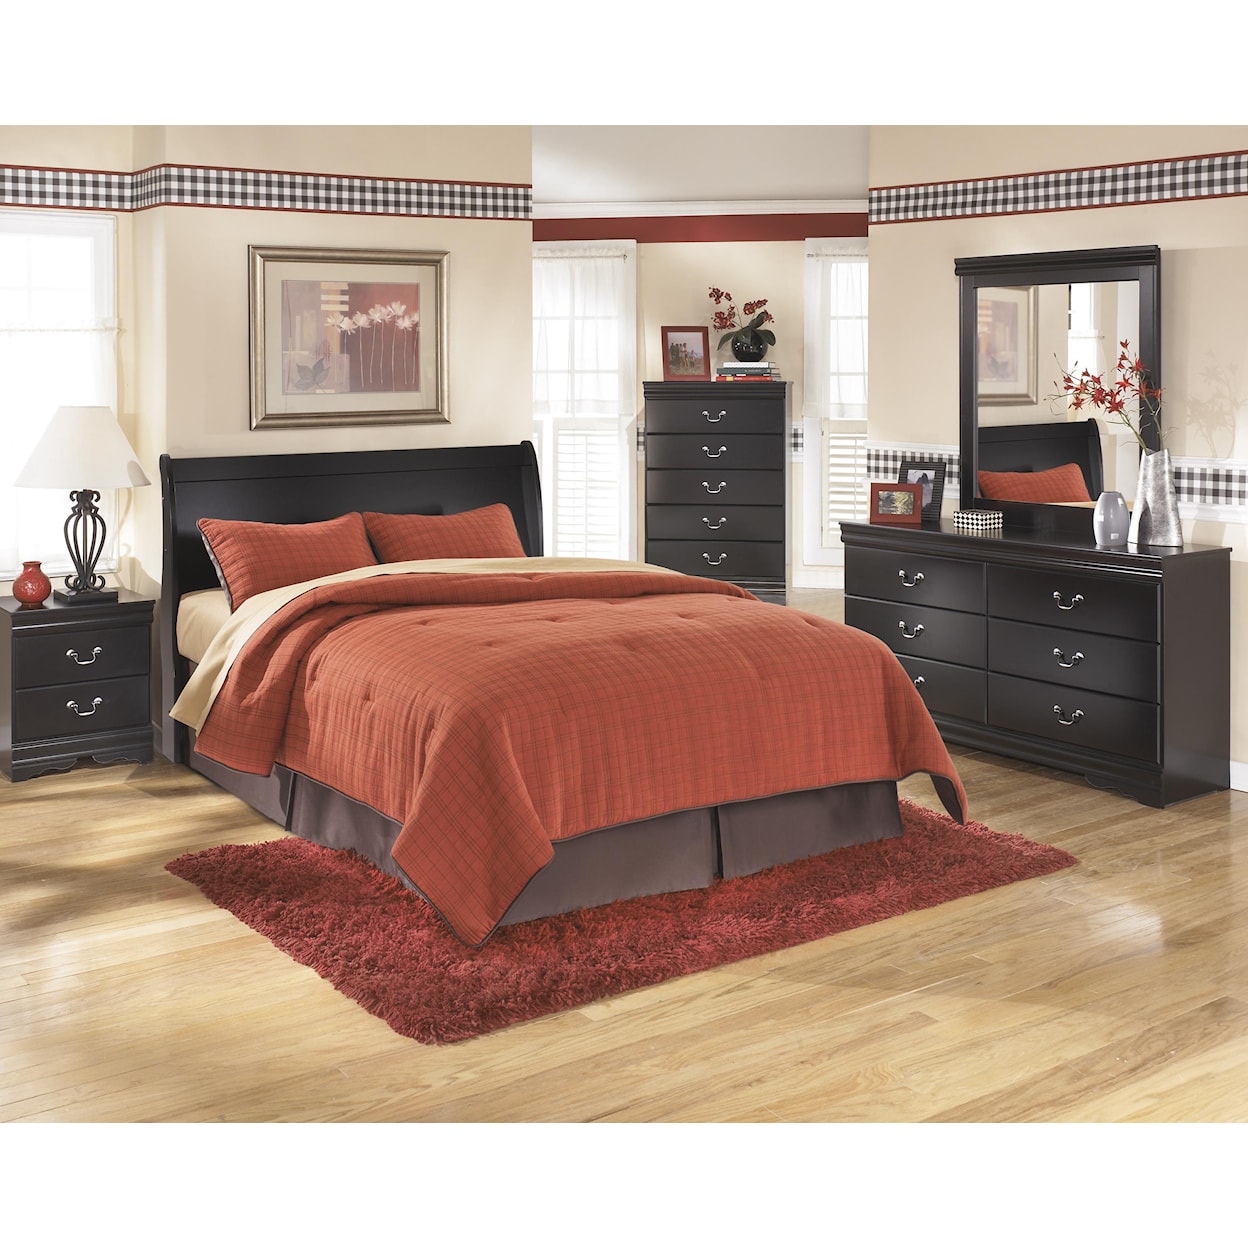 Signature Design by Ashley Huey Vineyard 7PC Queen Bedroom Group
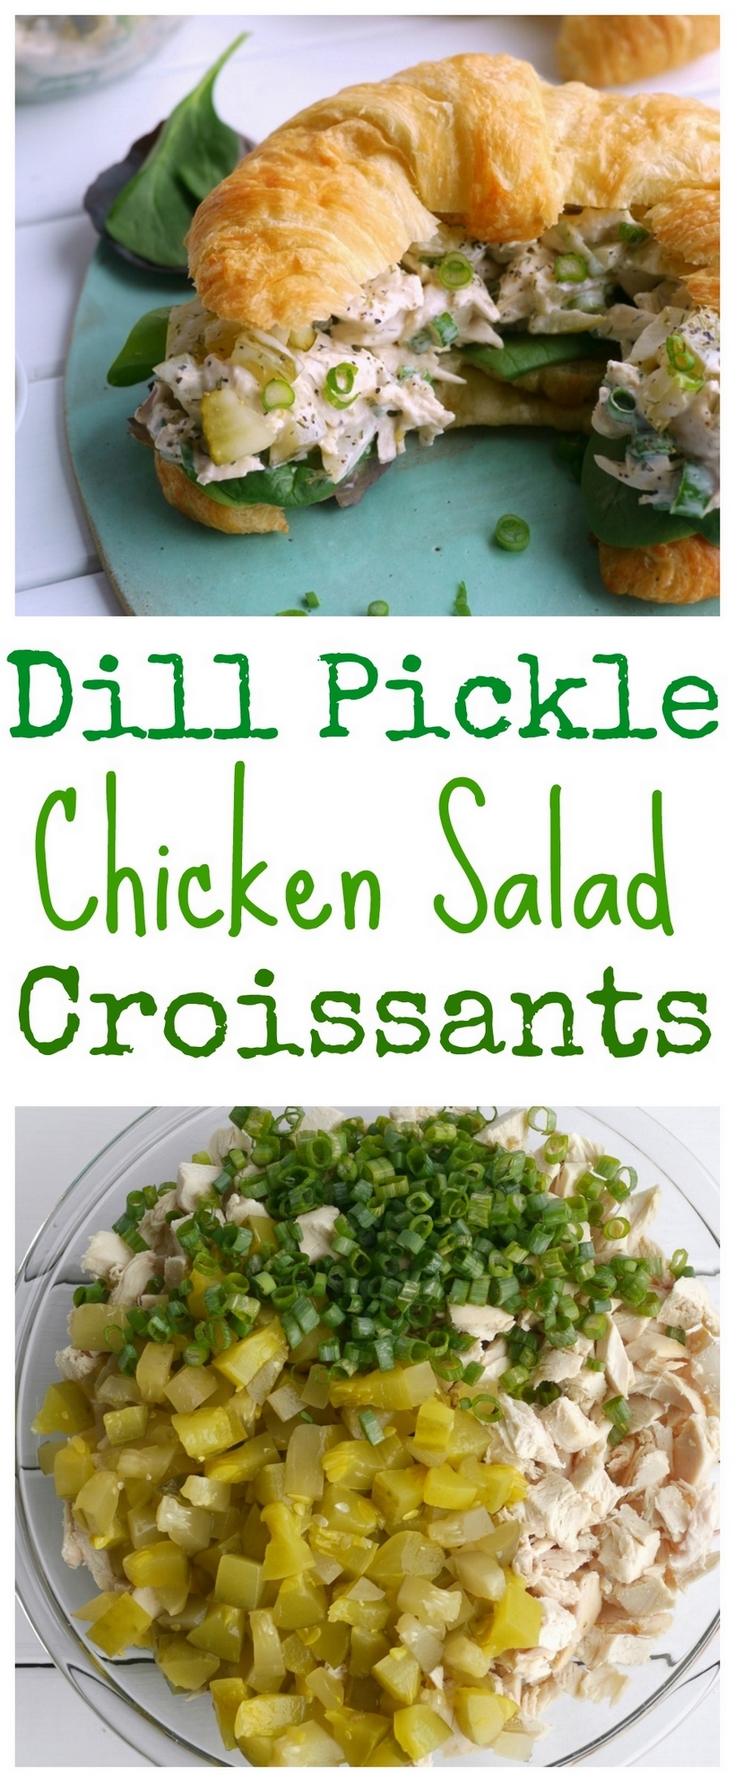 Since I am truly a dedicated pickle lover, these Dill Pickle Chicken Salad Croissants have become a fast favorite. It's perfect for lunch or a light dinner and keeps for several days in the fridge. I promise you are going to love the flavor, from NoblePig.com.

 via @cmpollak1

§ What is being asked:
Without copying any picture, repeat the full listing above word for word.

§ Completed task:
 Signature Design by Ashley Huey Vineyard 7PC Queen Bedroom Group
 Since I am truly a dedicated pickle lover, these Dill Pickle Chicken Salad Croissants have become a fast favorite. It's perfect for lunch or a light dinner and keeps for several days in the fridge. I promise you are going to love the flavor, from NoblePig.com.

 via @cmpollak1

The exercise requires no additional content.